Brookfield Infrastructure Partners offloaded its remaining 26% stake through a $527 million block trade on Tuesday night, priced at $4.05 per share, a 6.9% discount to the previous day's close. The timing raised eyebrows, as the selldown came three months ahead of Brookfield's own six-month escrow commitment.
The private equity giant's exit marks the end of a successful investment cycle. Brookfield originally acquired the coal terminal operator from Babcock & Brown in 2010 during the post-financial crisis distressed asset wave, before floating it on the ASX in 2020 at $2.57 per share.
Boring can be beautiful
DBI's business model offers unusual predictability. The company's revenue model is anchored by take-or-pay contracts, with all 84.2 million tonnes of capacity fully contracted through 2028. This means exporters pay the terminal charge whether they use the capacity or not, providing stable cash flows, independent of coal prices or actual shipping volumes.
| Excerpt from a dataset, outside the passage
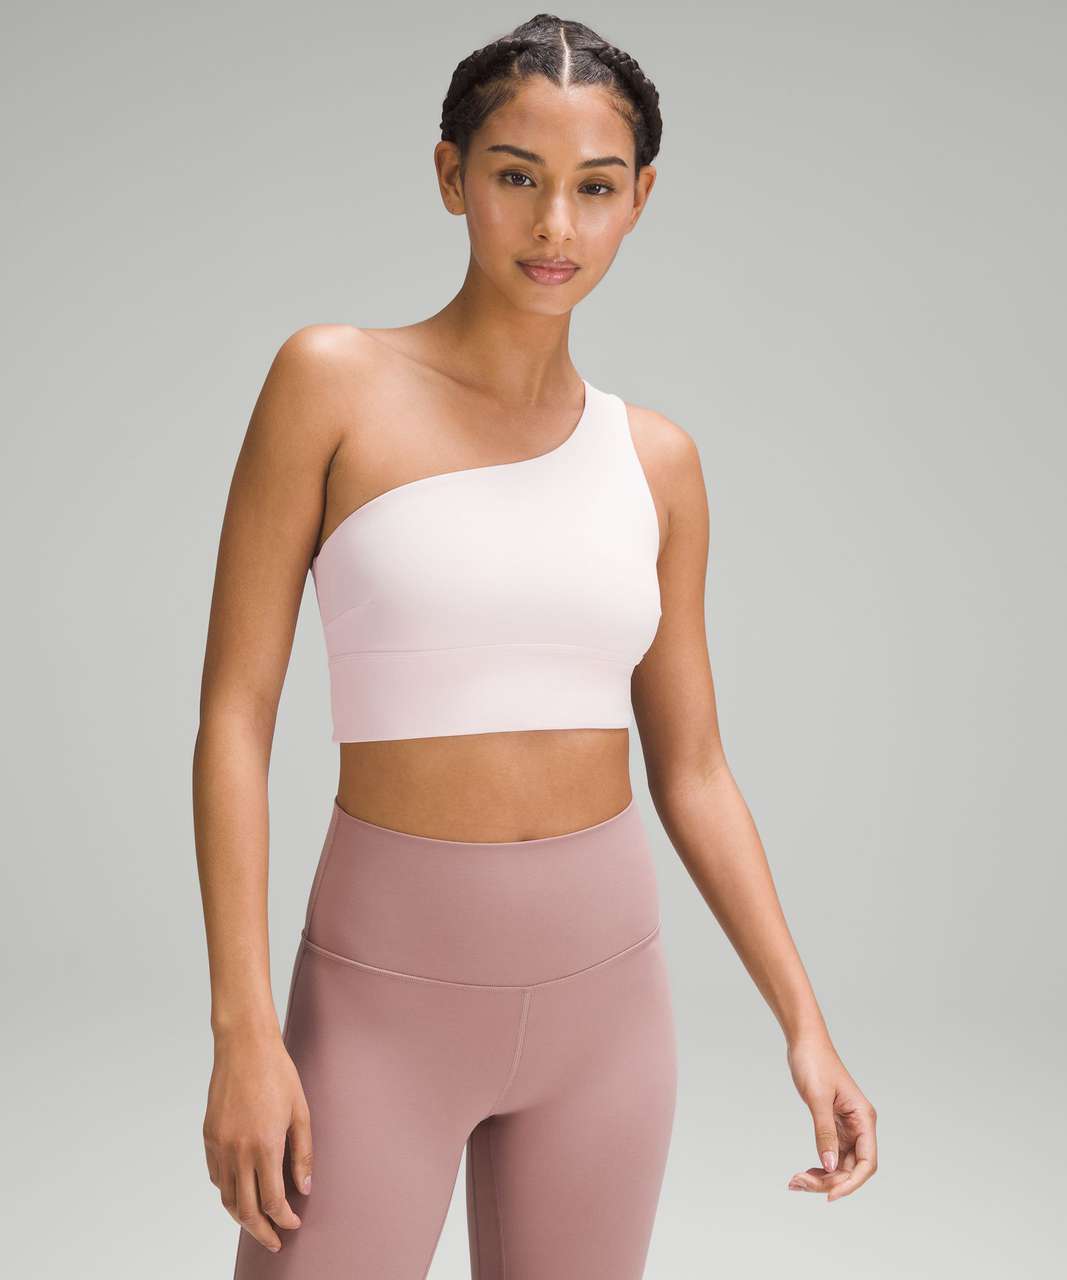 Lululemon Align Asymmetrical Bra Pink - $41 New With Tags - From A

In addition, operating and maintenance expenses are passed directly to customers, removing cost risk, while non-expansion capex is recovered via tariff increases linked to bond yields. The terminal is also the lowest-cost export pathway for Bowen Basin miners such as Peabody, Stanmore and Whitehaven, reinforcing its competitive moat.
To put it all together, the company's revenue and earnings visibility is crystal clear. The stock has been unaffected by weak coal prices, and during volatile market periods like Trump's Liberation Day tariff announcement, it barely moved.
Dividend outlook
Following DBI's latest results announced on 22 August, the company guided to an FY26 dividend of 24.5 cents per share, a 6.5% increase from the prior period. Management also reaffirmed its target distribution growth of 3-7% per annum and maintained its 60-80% dividend payout ratio.
This dividend guidance has created interesting yield dynamics, given the recent share price volatility:
The stock hit an all-time high of $4.93 on 11 August, which implies a 4.96% yield
Prior to the Brookfield selldown, the stock was trading at $4.35 or a 5.6% yield
The stock briefly hit $4.05 post selldown or a 6.04% yield
Given DBI's earnings visibility and dividend guidance, there appears to be a natural floor to how far the stock can fall. If shares dropped to $3.50, the yield would reach approximately 7.0%, a level that would likely attract income-seeking investors and provide price support.
This isn't just theory, we've seen it play out before. On 12 June, Brookfield offloaded $428 million via a block trade priced at $3.72 or a 7.9% discount to its previous close. The next day, DBI shares dipped 6.4% to $3.78, closely matching the sale price.
However, the recovery was relatively quick. DBI gained around 8% over the next seven trading sessions, fully recovering the selldown-related weakness. Within a month, the stock had rallied almost 20% from the 13 June lows.
The bottom line
DBI presents a unique case study in how dividend-focused infrastructure assets can recover from large shareholder selldowns. The combination of predictable cash flows and attractive yield creates natural buying interest and a share price floor.
DBI has now rallied 5.1% since Wednesday, and within 2% of pre-selldown levels. The Brookfield exit removes a key overhang and also increases the stock's free float and liquidity.
The increased free float from the previous selldown was also key to DBI's recent inclusion in the S&P/ASX 200 rebalance, potentially attracting additional institutional buying.